Cepeda M Soledad, Africano Juan M, Manrique Ana M, Fragoso Wilmer, Carr Daniel B
Department of Anesthesia, San Ignacio Hospital, Javeriana University School of Medicine, Bogota, Colombia
Pain. 2002 Mar;96(1-2):73-9. doi: 10.1016/s0304-3959(01)00425-0.
The continuous infusion of low doses of naloxone has been reported to decrease postoperative opioid requirements and opioid side effects. However, there is no study that evaluates the effectiveness of the combination of a low dose of naloxone and morphine using patient-controlled analgesia (PCA). This prospective, randomized double-blind controlled study sought to determine if the combination of a low dose of naloxone and morphine in a PCA solution decreases postoperative opioid requirements and pain intensity. One hundred sixty-six patients (18-65 years old) undergoing operations of less than 3 h duration with an American Society of Anesthesiologist physical status I or II were randomized to receive PCA morphine 1 mg/cc plus normal saline or PCA morphine 1 mg/cc plus naloxone 6 microg/cc. Initial PCA settings were 0.5 cc per demand with a lockout time of 10 min. The numbers of 2.5 cc supplemental rescue doses and the cumulative dose of each solution were recorded in the first 24 h after the surgical procedure. Pain intensity and opioid side effects were evaluated every 10 min in the post-anesthesia care unit and every 4 h afterwards. Patient satisfaction was assessed at the end of the 24 h of observation. The morphine+naloxone group had more treatment failures (P=0.0001), higher opioid requirements (P=0.0097), greater pain intensity (P=0.04), less pain relief (P=0.004), and less satisfaction (P=0.01) than the morphine group. The incidence of side effects was similar in both groups (P=0.3). Contrary to previous reports, adding low doses of naloxone to a morphine PCA solution increases opioid requirements and pain.

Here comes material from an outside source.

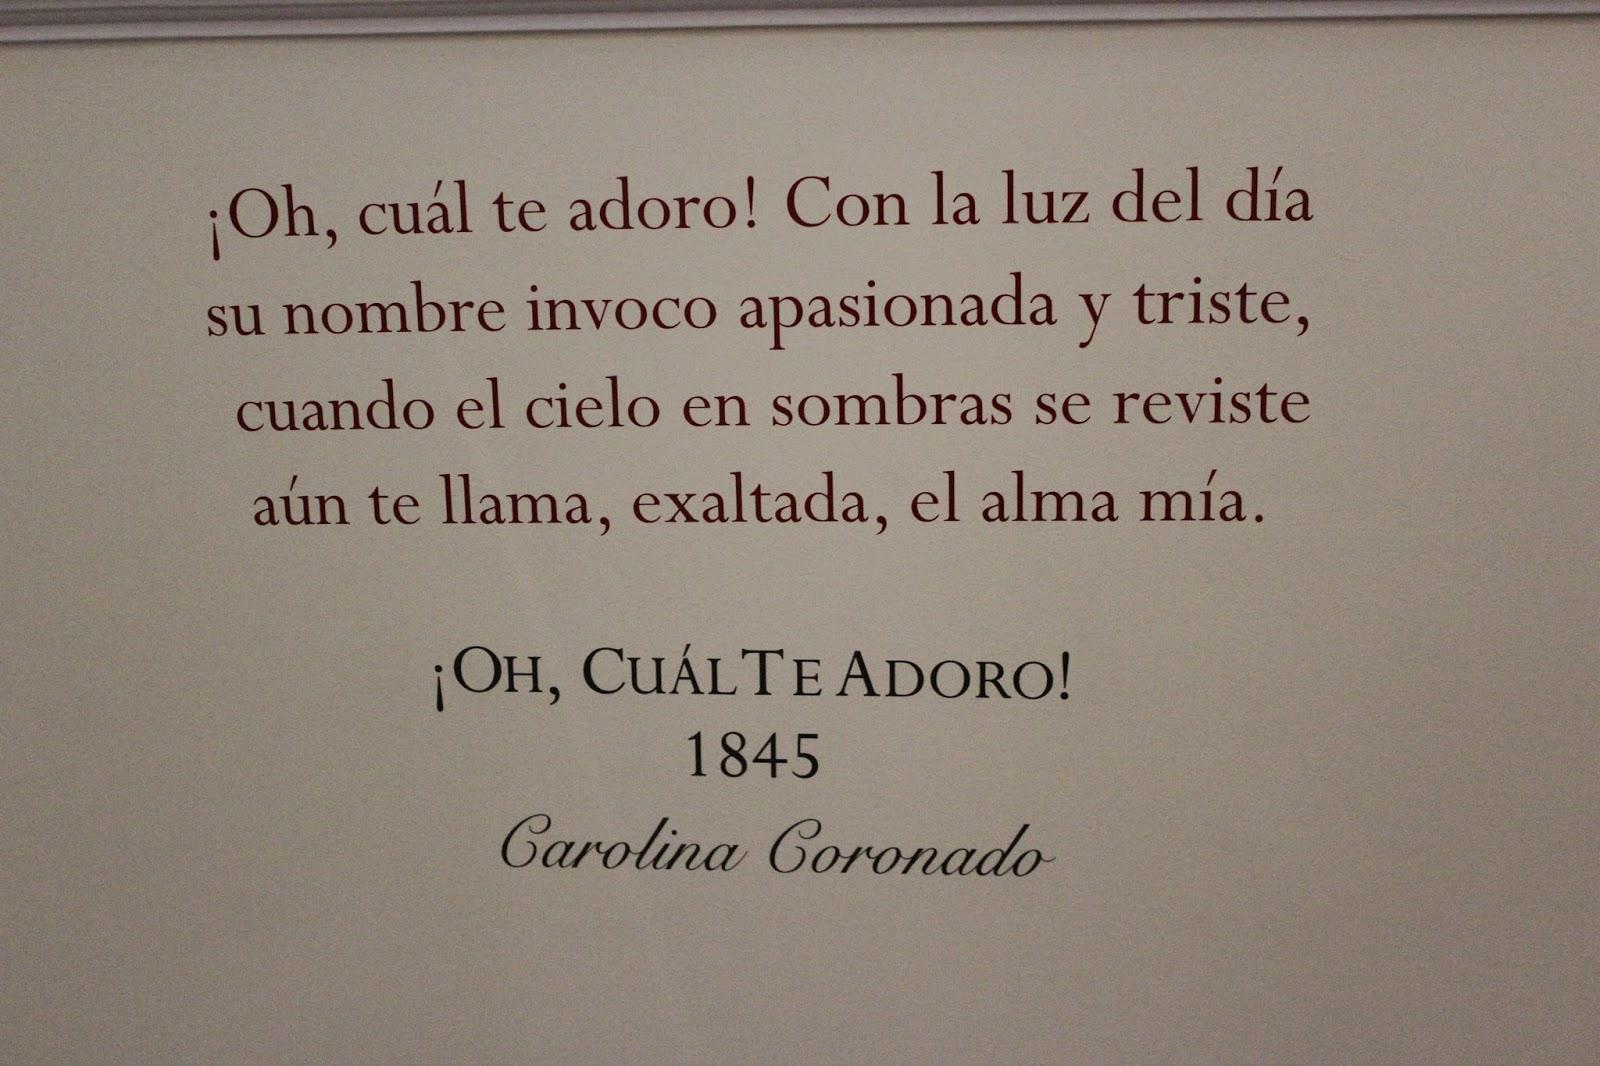 Cita de Carolina Coronado en el Museo del Romanticismo

据报道,持续输注低剂量纳洛酮可减少术后阿片类药物的用量及阿片类药物的副作用。然而,尚无研究评估低剂量纳洛酮与吗啡联合用于患者自控镇痛(PCA)的有效性。这项前瞻性、随机双盲对照研究旨在确定PCA溶液中低剂量纳洛酮与吗啡联合使用是否能减少术后阿片类药物用量及疼痛强度。166例年龄在18至65岁之间、接受手术时间少于3小时且美国麻醉医师协会身体状况分级为I或II级的患者被随机分为两组,分别接受PCA吗啡1mg/cc加生理盐水或PCA吗啡1mg/cc加纳洛酮6μg/cc。初始PCA设置为按需给药0.5cc,锁定时间为10分钟。记录手术后前24小时内2.5cc补充急救剂量的次数及每种溶液的累积剂量。在麻醉后护理单元每10分钟评估一次疼痛强度和阿片类药物副作用,之后每4小时评估一次。在观察24小时结束时评估患者满意度。与吗啡组相比,吗啡+纳洛酮组治疗失败更多(P = 0.0001)、阿片类药物需求量更高(P = 0.0097)、疼痛强度更大(P = 0.04)、疼痛缓解更少(P = 0.004)且满意度更低(P = 0.01)。两组副作用发生率相似(P = 0.3)。与先前报道相反,在吗啡PCA溶液中添加低剂量纳洛酮会增加阿片类药物需求量和疼痛程度。